Collected material below:
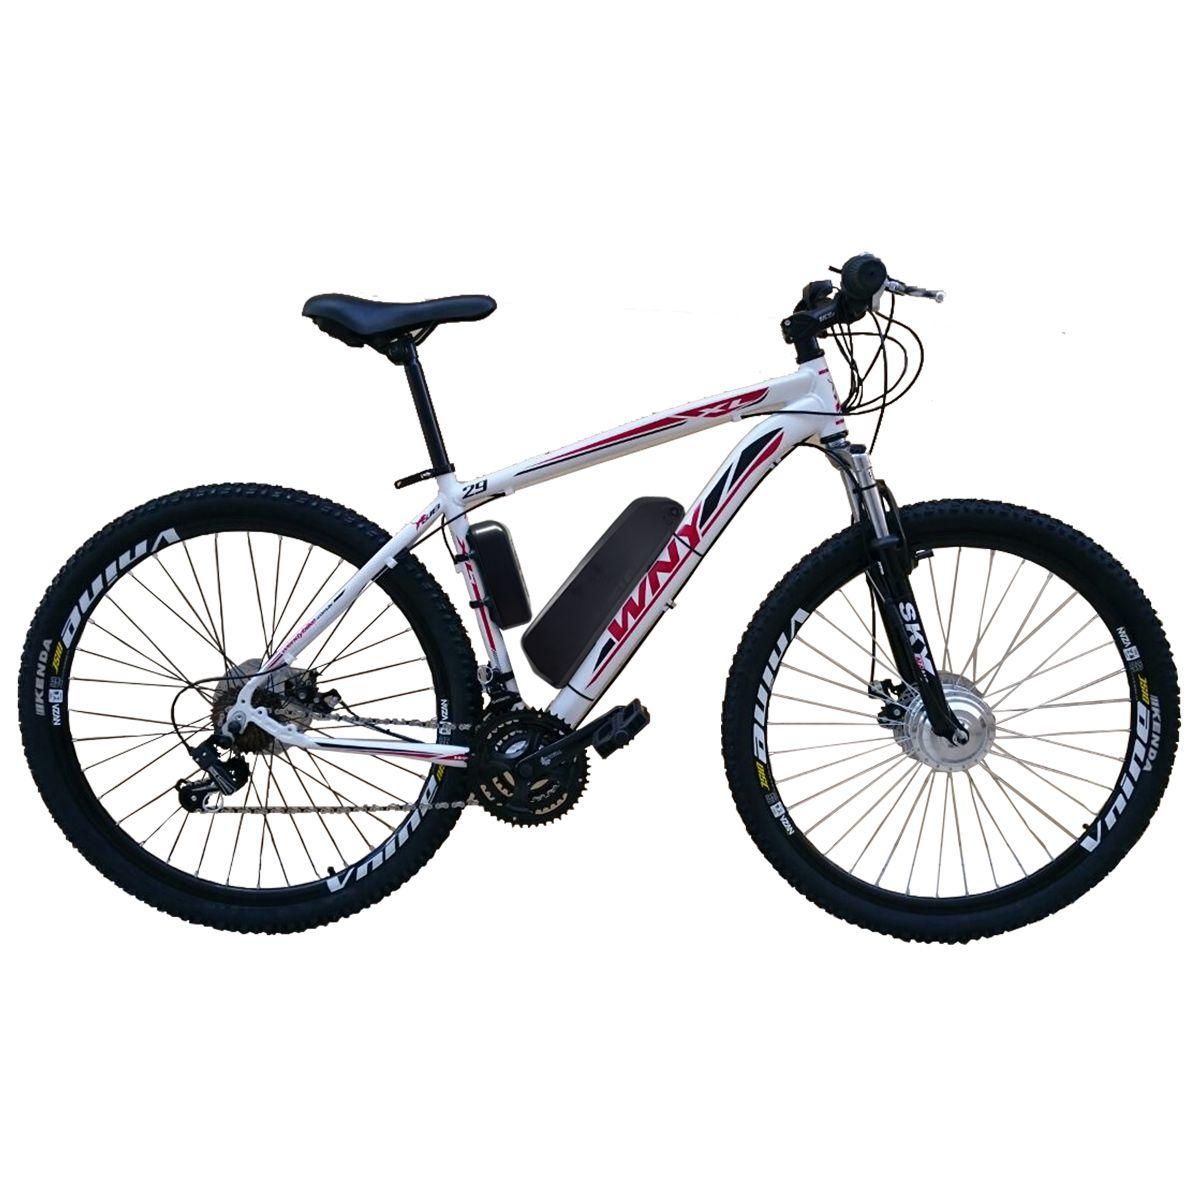 Bicicleta Elétrica Aro 29 Alumínio Bateria de LITIO TecUltra - 500 watts
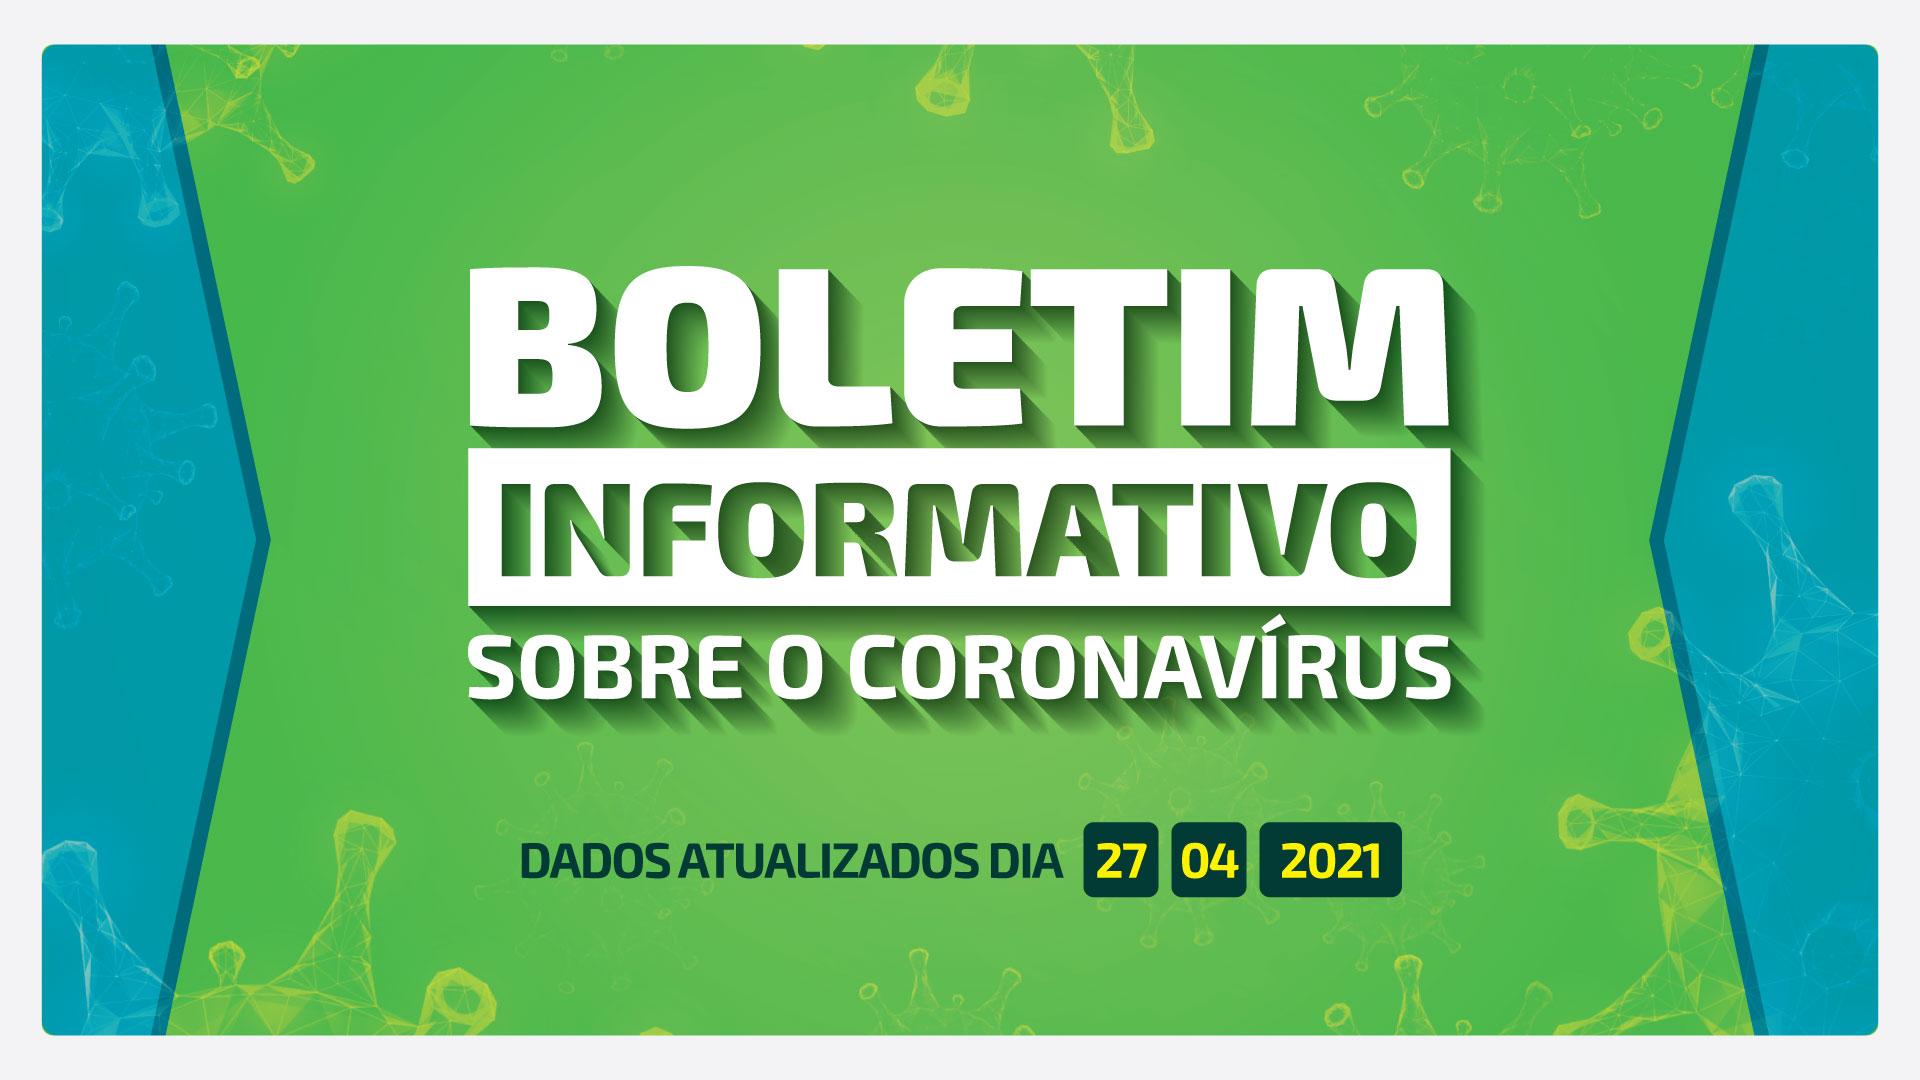 BOLETIM DIÁRIO CORONAVÍRUS - 27/04/2021
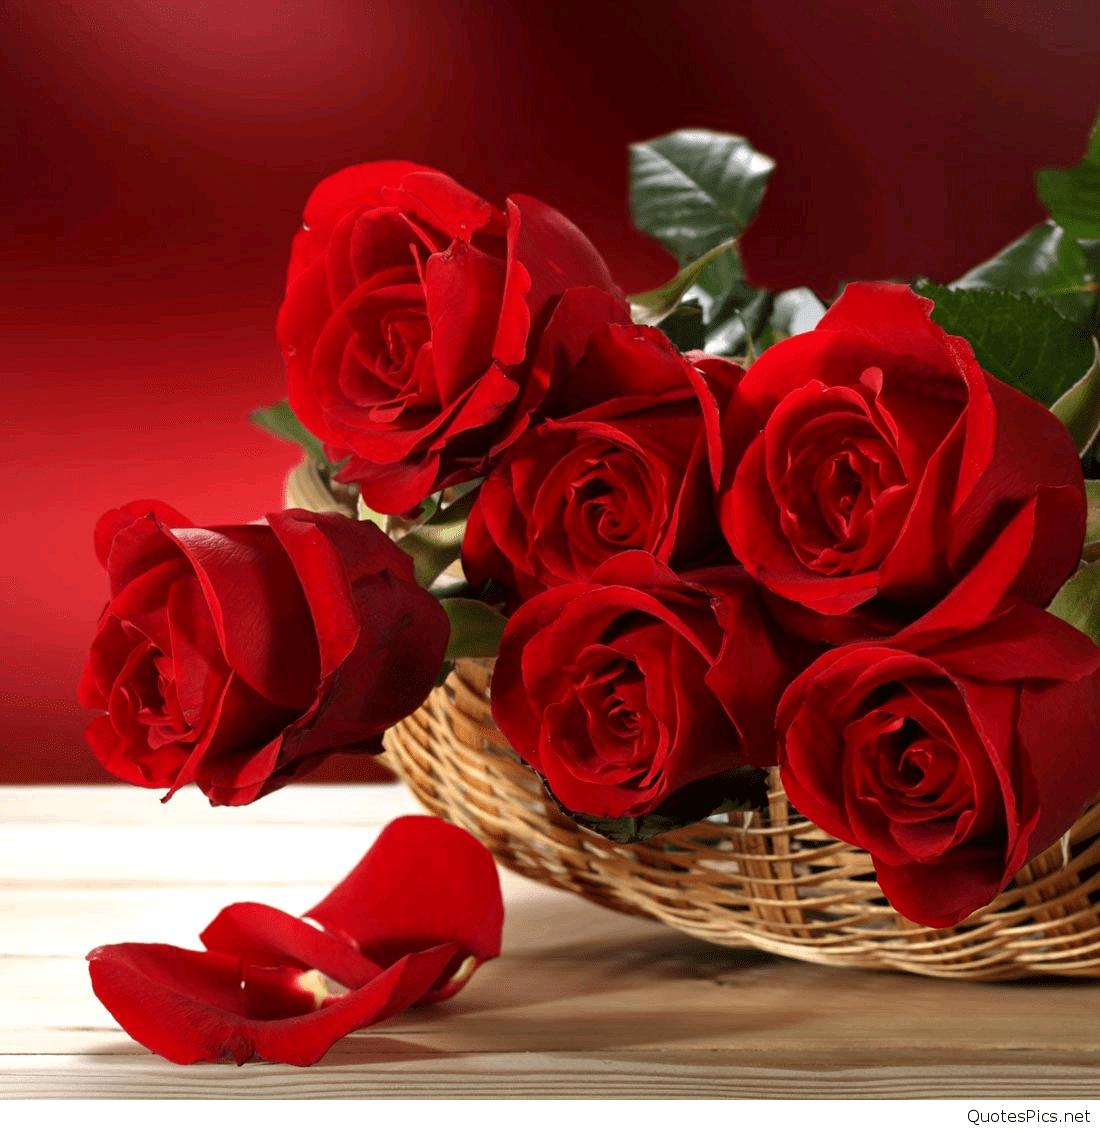 Love Rose Wallpaper 1100x1130 Download Hd Wallpaper Wallpapertip
End of Collected material.
### What the task requires
Repeat the data in full, exactly as it stands, but drop every picture.

### Result
 Bicicleta Elétrica Aro 29 Alumínio Bateria de LITIO TecUltra - 500 watts
 BOLETIM DIÁRIO CORONAVÍRUS - 27/04/2021
 Love Rose Wallpaper 1100x1130 Download Hd Wallpaper Wallpapertip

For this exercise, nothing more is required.